Day 98: A taste of Columbus

Columbus is the quintessential Dead White Guy – castigated as one who was undeservedly glorified by other elites.

The guy had a tough trip across the Atlantic, for sure, and he launched the colonization of the Americas, so he is not insignificant. But you don’t have to be a Howard Zinn fan to know that he didn’t actually “discover America” (the Vikings did, 500 years earlier), and the people who were here for 12,000+ years before Columbus don’t actually think his landing is cause for celebration.

Rather than attempt to rehabilitate Columbus, I suggest we make today the Spice Holiday. Spices are ethnicity-neutral and had more impact on history than Columbus.
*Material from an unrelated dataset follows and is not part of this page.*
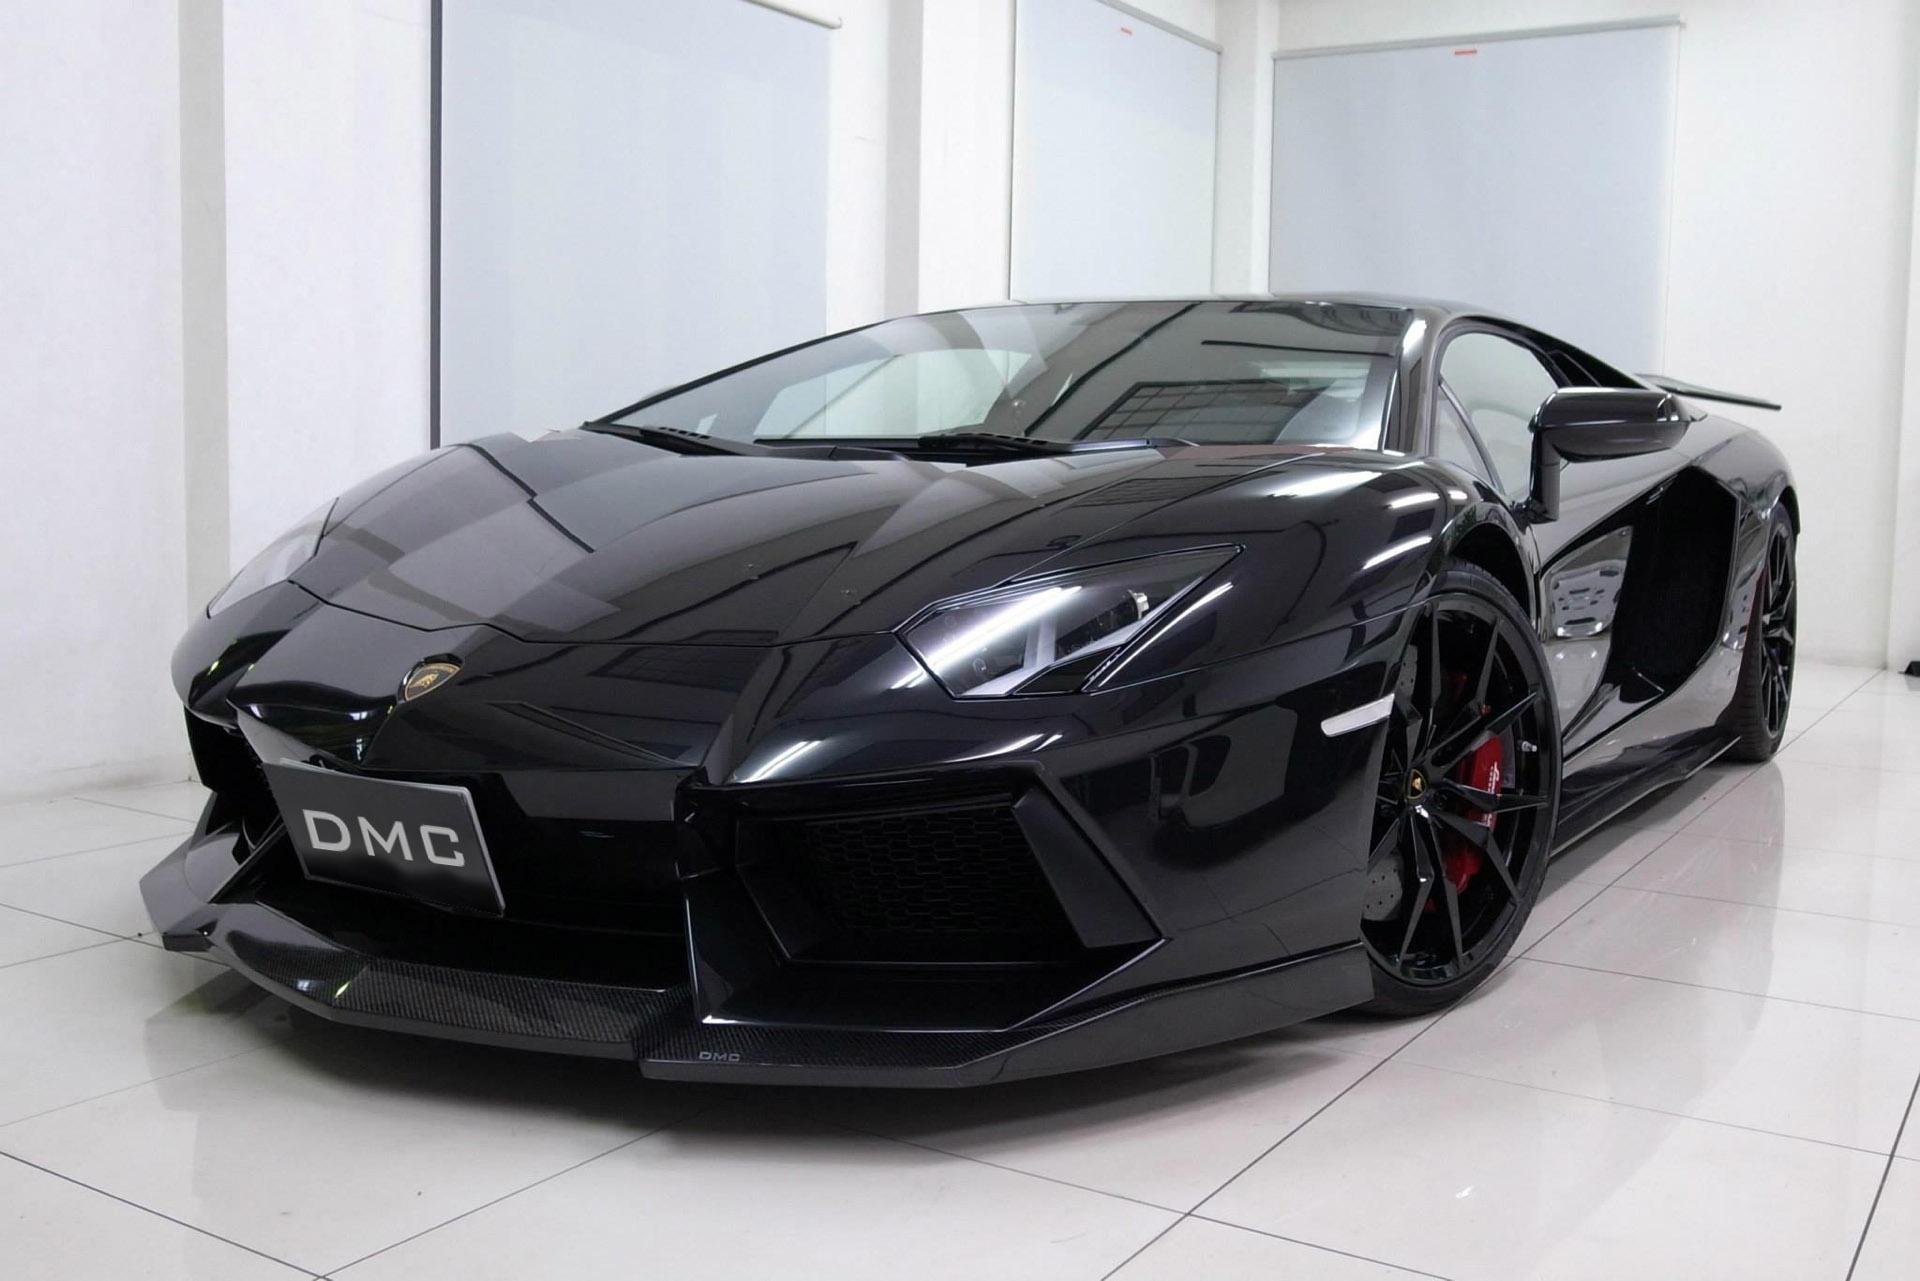 Dmc Lamborghini Aventador Lp700 Built By Autoproject D

Columbus’ voyage was driven by Europe’s need to find a shortcut to the spice trade. There’s been a spice trade for at least 5,000 years; and it is valuable stuff, which made the Arab traders rich for centuries. (Spice traders who tried to adulterate saffron were burned at the stake, one source claims.)
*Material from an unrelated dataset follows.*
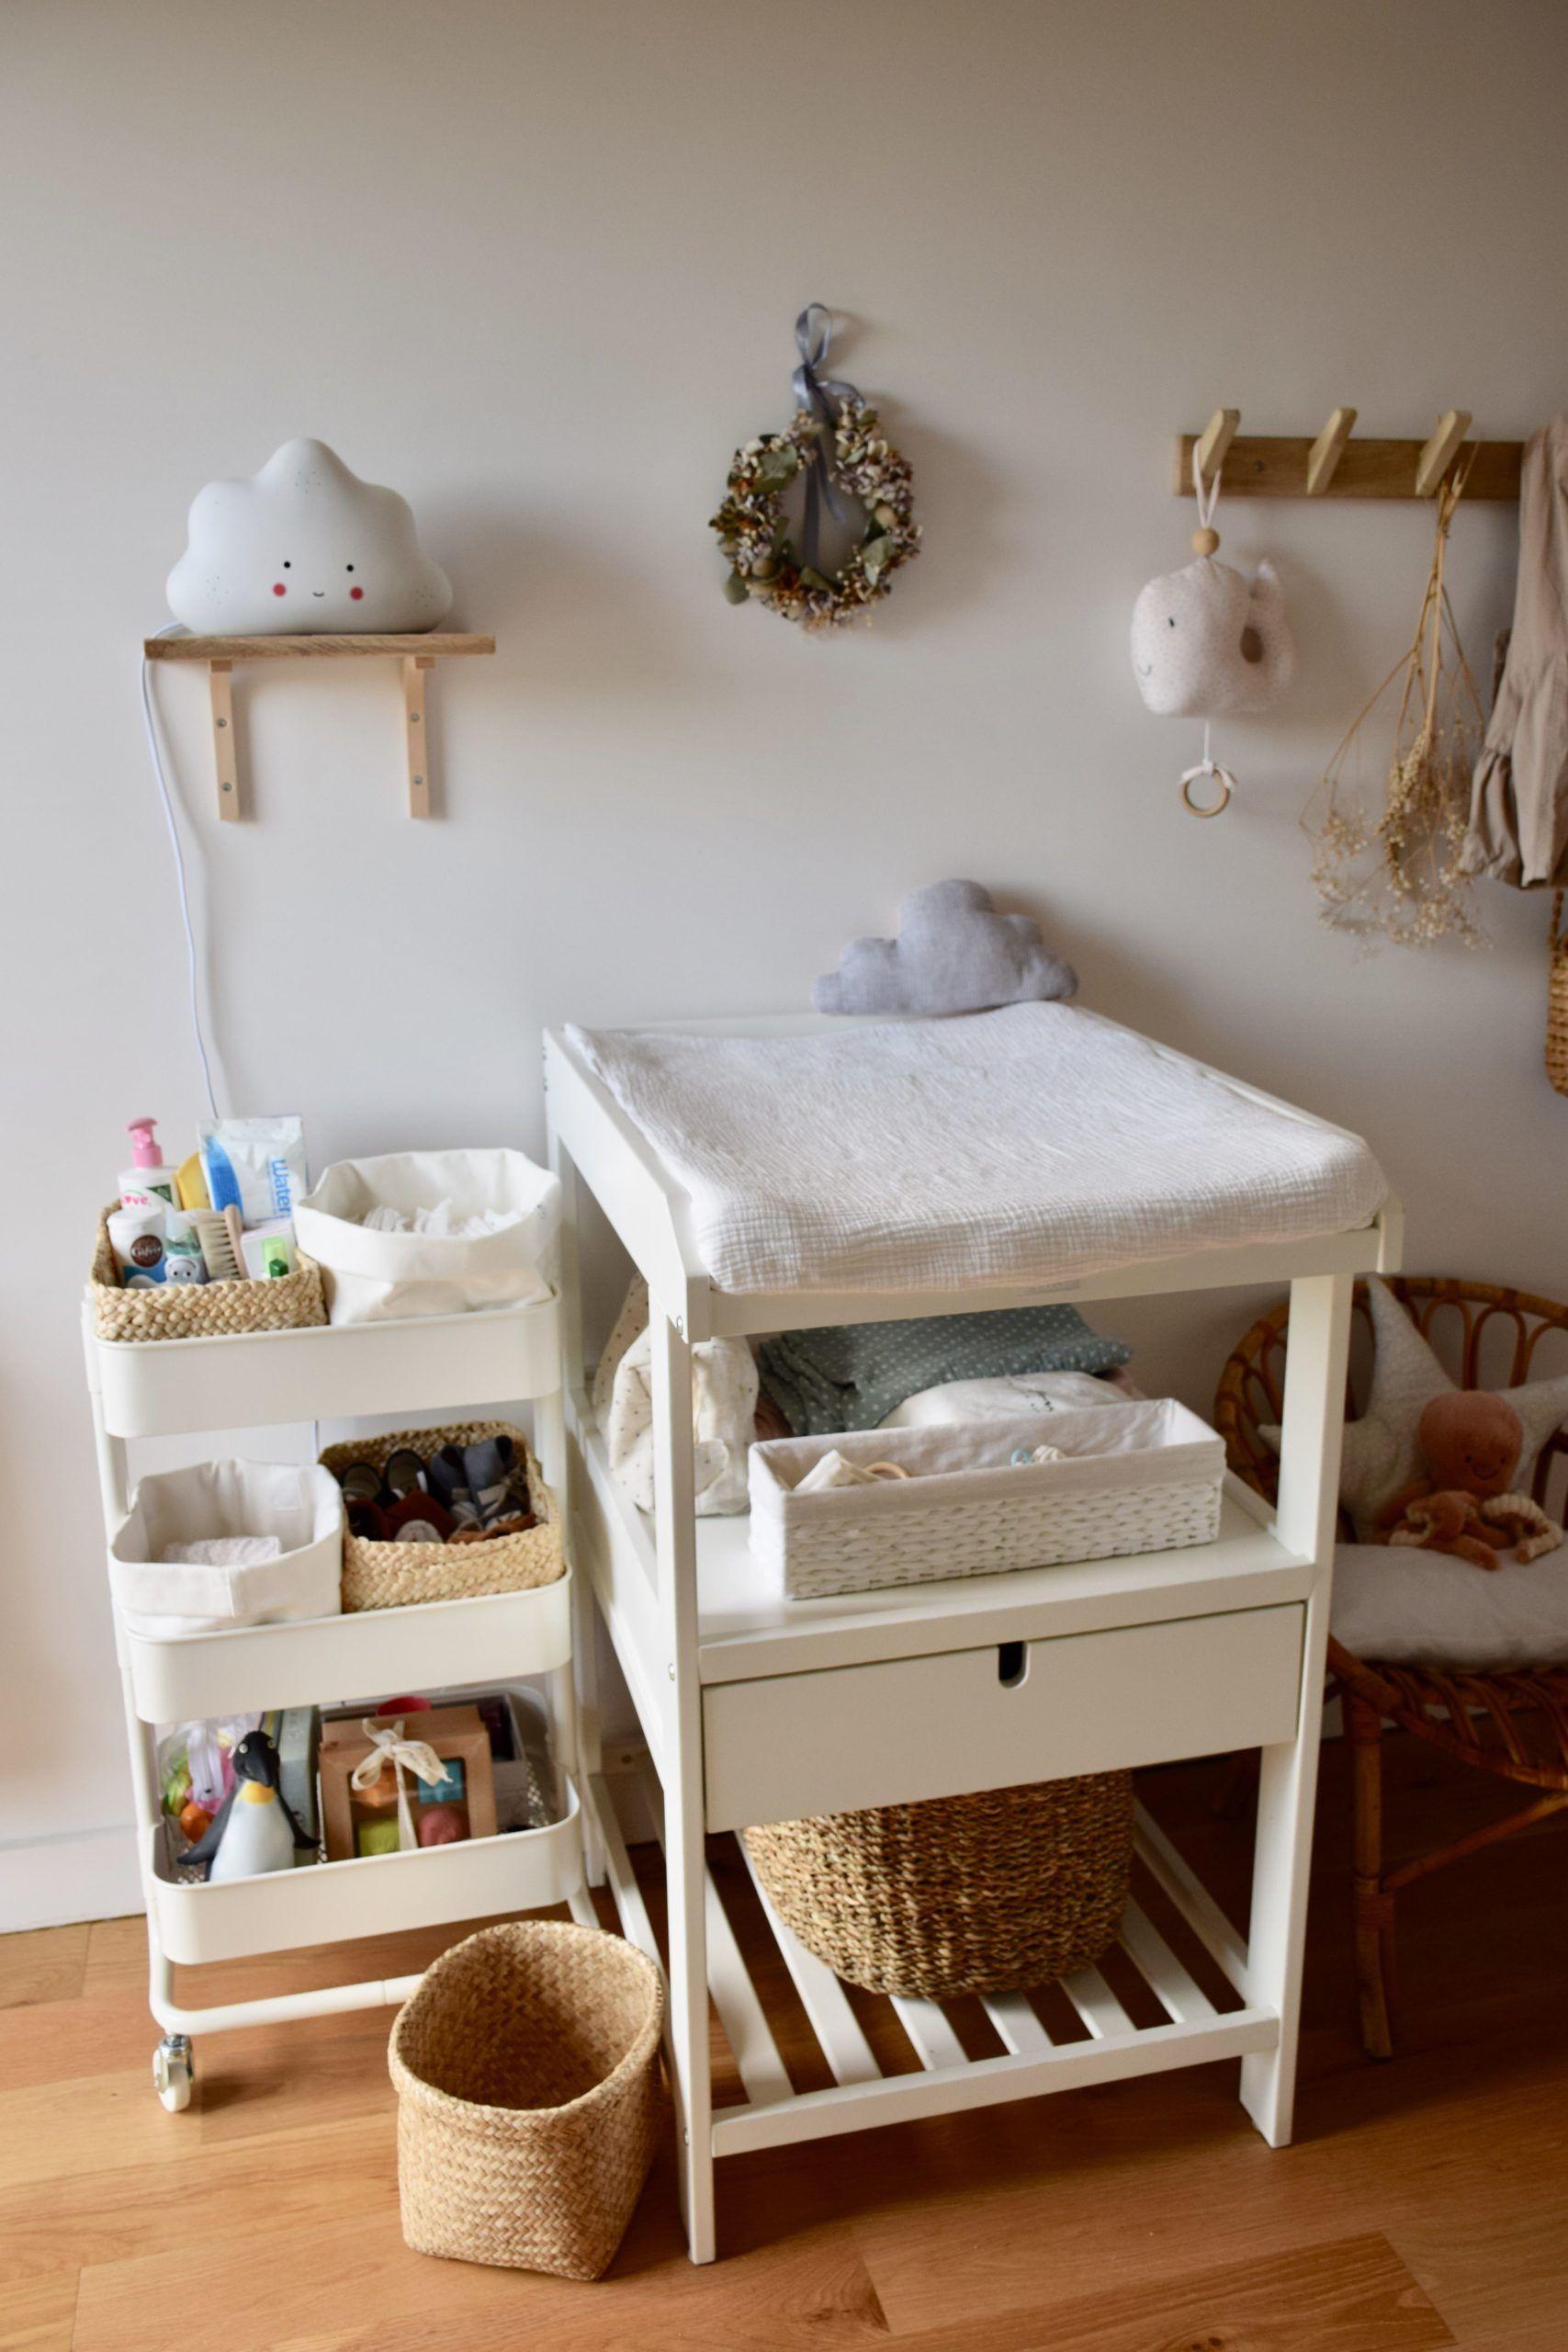 Babyzimmer In 2020 Babyzimmer Babyzimmer Dekor Elternzimmer

The European push to have their own routes to the spices, some historians say, was the beginning of the modern era. When the Ottoman Empire took over Constantinople in 1453, the Western Europeans squirmed at the idea of their spices and other goods being taxed as they passed through an ambitious, non-Christian gateway, and started looking for ways to sail to India around Africa.

Hence, Columbus, the New World, revolution, and other major developments that were key to what we call modernity.

That cinnamon on your applesauce and pepper on your steak are no small thing.

Day 98 1992

Today’s penny is a 1992, the quincentennial of Columbus landing in America.